The pound to euro exchange rate dropped for the first time since Monday yesterday. This came as the dollar strengthened across the Atlantic while “a sharp souring of risk appetite on Wall Street” hit GBP, said experts. Looking ahead at today, both sterling and the common currency are likely to remain rangebound.
Very little data is due today that could impact the pairing.
However, the stock market will, as ever, play a role in the rate’s movements.
The pound is currently trading at 1.1203 against the euro, according to Bloomberg at the time of writing.
Michael Brown, currency expert at international payments and foreign exchange firm Caxton FX, spoke to Express.co.uk regarding the latest exchange rate figures this morning.
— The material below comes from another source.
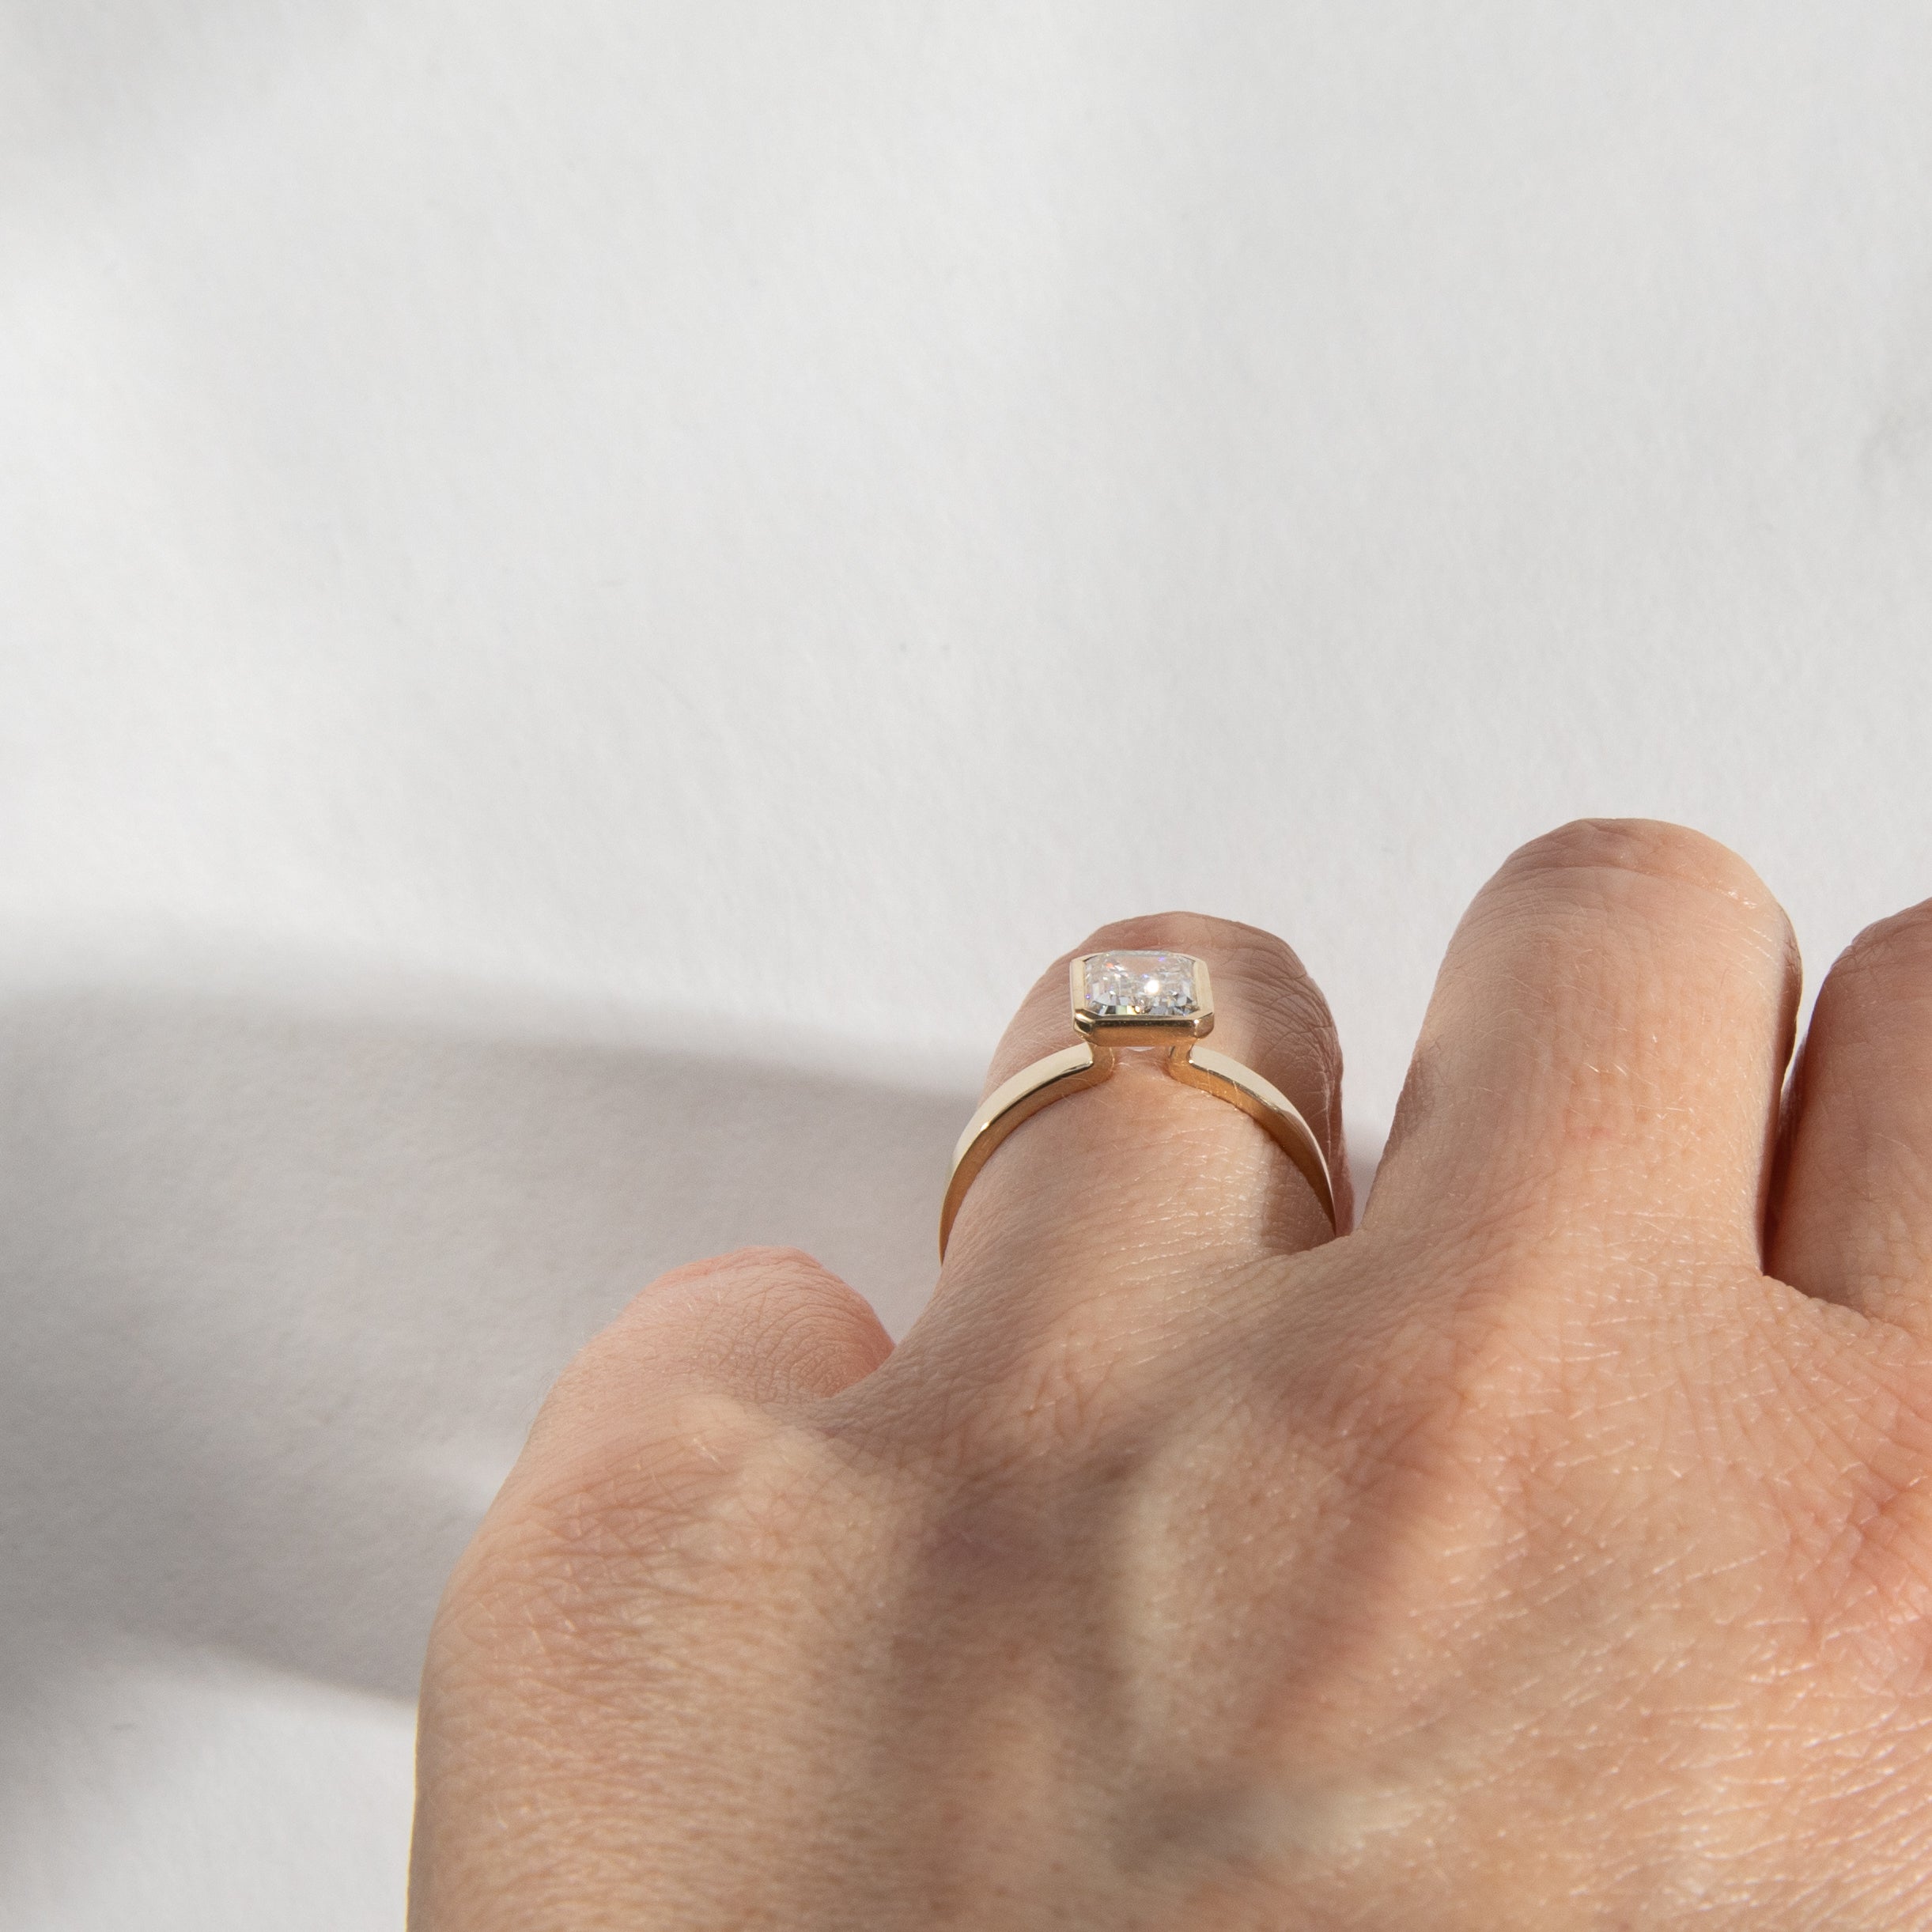 Badi Designer ring in 14k Yellow Gold set with a lab-grown diamond

“The pound notched its first daily loss in three days against the euro yesterday,” said Brown.
“It faced headwinds from both a stronger dollar and a sharp souring of risk appetite on Wall St, which hit high-beta currencies such as sterling.
“Looking ahead, with today’s UK & EU data calendars rather barren, we could be in for a rangebound day for the pair, though the direction of travel will likely be determined once again by the stock market.”
George Vessey, UK Currency Strategist, Western Union Business Solutions, commented on euro strength yesterday.
He said: “Comments by European Central Bank (ECB) chief economist, Philip Lane, [on Wednesday] may have marked the first of many verbal interventions to try and prevent the Euro from strengthening much more from here.
“The upbeat market attitude of late has boosted global stock markets and riskier currencies higher but has also helped the cyclical Euro climb despite the extreme ‘long’ positioning of the common currency.”
Vessey continued: “Recoveries in the Eurozone are often kick-started by net exports, so because a stronger Euro may obstruct this, ECB policymakers may attempt to limit its appreciation by talking up more monetary accommodation and fiscal stimulus.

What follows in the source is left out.